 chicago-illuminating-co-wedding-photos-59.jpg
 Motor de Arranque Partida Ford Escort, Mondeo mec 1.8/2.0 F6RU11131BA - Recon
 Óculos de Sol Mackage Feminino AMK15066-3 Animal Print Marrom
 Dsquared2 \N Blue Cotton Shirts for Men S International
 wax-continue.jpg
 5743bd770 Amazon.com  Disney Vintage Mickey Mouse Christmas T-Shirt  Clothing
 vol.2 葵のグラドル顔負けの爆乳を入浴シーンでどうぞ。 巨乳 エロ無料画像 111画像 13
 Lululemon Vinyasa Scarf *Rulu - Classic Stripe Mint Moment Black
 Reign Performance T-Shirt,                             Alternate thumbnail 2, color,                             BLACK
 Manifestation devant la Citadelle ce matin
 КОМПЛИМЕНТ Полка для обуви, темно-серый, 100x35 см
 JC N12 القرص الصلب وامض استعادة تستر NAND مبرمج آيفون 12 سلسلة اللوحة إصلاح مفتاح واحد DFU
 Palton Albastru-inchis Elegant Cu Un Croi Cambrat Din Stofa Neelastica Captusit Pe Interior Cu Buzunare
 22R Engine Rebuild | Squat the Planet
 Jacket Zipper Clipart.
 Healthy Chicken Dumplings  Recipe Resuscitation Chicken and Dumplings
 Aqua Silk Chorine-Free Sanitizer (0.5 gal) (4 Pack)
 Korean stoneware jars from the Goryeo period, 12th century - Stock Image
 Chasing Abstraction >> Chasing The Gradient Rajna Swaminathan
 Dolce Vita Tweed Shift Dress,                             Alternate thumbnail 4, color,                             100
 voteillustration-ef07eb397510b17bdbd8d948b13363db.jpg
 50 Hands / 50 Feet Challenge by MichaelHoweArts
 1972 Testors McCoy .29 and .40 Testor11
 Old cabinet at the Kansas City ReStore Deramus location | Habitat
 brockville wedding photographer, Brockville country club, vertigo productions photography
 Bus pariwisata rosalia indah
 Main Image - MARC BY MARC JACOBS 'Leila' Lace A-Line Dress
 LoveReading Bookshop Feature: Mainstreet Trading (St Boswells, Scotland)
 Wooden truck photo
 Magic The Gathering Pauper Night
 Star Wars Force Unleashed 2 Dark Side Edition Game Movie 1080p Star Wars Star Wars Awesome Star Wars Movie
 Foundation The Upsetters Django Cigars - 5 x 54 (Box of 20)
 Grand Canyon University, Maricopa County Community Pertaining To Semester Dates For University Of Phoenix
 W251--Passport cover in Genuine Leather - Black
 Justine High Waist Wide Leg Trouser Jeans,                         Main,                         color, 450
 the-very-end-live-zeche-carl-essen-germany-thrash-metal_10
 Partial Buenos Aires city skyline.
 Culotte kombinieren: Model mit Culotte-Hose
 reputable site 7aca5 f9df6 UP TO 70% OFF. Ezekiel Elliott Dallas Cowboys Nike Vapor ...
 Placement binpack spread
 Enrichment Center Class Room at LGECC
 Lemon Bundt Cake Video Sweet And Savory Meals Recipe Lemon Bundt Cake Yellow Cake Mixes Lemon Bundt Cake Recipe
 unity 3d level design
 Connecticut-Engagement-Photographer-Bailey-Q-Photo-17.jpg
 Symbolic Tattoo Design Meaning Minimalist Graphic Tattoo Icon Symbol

··········

* EXERCISE
Every record is to be repeated exactly as written.

* WRITTEN REPLY
 chicago-illuminating-co-wedding-photos-59.jpg
 Motor de Arranque Partida Ford Escort, Mondeo mec 1.8/2.0 F6RU11131BA - Recon
 Óculos de Sol Mackage Feminino AMK15066-3 Animal Print Marrom
 Dsquared2 \N Blue Cotton Shirts for Men S International
 wax-continue.jpg
 5743bd770 Amazon.com  Disney Vintage Mickey Mouse Christmas T-Shirt  Clothing
 vol.2 葵のグラドル顔負けの爆乳を入浴シーンでどうぞ。 巨乳 エロ無料画像 111画像 13
 Lululemon Vinyasa Scarf *Rulu - Classic Stripe Mint Moment Black
 Reign Performance T-Shirt,                             Alternate thumbnail 2, color,                             BLACK
 Manifestation devant la Citadelle ce matin
 КОМПЛИМЕНТ Полка для обуви, темно-серый, 100x35 см
 JC N12 القرص الصلب وامض استعادة تستر NAND مبرمج آيفون 12 سلسلة اللوحة إصلاح مفتاح واحد DFU
 Palton Albastru-inchis Elegant Cu Un Croi Cambrat Din Stofa Neelastica Captusit Pe Interior Cu Buzunare
 22R Engine Rebuild | Squat the Planet
 Jacket Zipper Clipart.
 Healthy Chicken Dumplings  Recipe Resuscitation Chicken and Dumplings
 Aqua Silk Chorine-Free Sanitizer (0.5 gal) (4 Pack)
 Korean stoneware jars from the Goryeo period, 12th century - Stock Image
 Chasing Abstraction >> Chasing The Gradient Rajna Swaminathan
 Dolce Vita Tweed Shift Dress,                             Alternate thumbnail 4, color,                             100
 voteillustration-ef07eb397510b17bdbd8d948b13363db.jpg
 50 Hands / 50 Feet Challenge by MichaelHoweArts
 1972 Testors McCoy .29 and .40 Testor11
 Old cabinet at the Kansas City ReStore Deramus location | Habitat
 brockville wedding photographer, Brockville country club, vertigo productions photography
 Bus pariwisata rosalia indah
 Main Image - MARC BY MARC JACOBS 'Leila' Lace A-Line Dress
 LoveReading Bookshop Feature: Mainstreet Trading (St Boswells, Scotland)
 Wooden truck photo
 Magic The Gathering Pauper Night
 Star Wars Force Unleashed 2 Dark Side Edition Game Movie 1080p Star Wars Star Wars Awesome Star Wars Movie
 Foundation The Upsetters Django Cigars - 5 x 54 (Box of 20)
 Grand Canyon University, Maricopa County Community Pertaining To Semester Dates For University Of Phoenix
 W251--Passport cover in Genuine Leather - Black
 Justine High Waist Wide Leg Trouser Jeans,                         Main,                         color, 450
 the-very-end-live-zeche-carl-essen-germany-thrash-metal_10
 Partial Buenos Aires city skyline.
 Culotte kombinieren: Model mit Culotte-Hose
 reputable site 7aca5 f9df6 UP TO 70% OFF. Ezekiel Elliott Dallas Cowboys Nike Vapor ...
 Placement binpack spread
 Enrichment Center Class Room at LGECC
 Lemon Bundt Cake Video Sweet And Savory Meals Recipe Lemon Bundt Cake Yellow Cake Mixes Lemon Bundt Cake Recipe
 unity 3d level design
 Connecticut-Engagement-Photographer-Bailey-Q-Photo-17.jpg
 Symbolic Tattoo Design Meaning Minimalist Graphic Tattoo Icon Symbol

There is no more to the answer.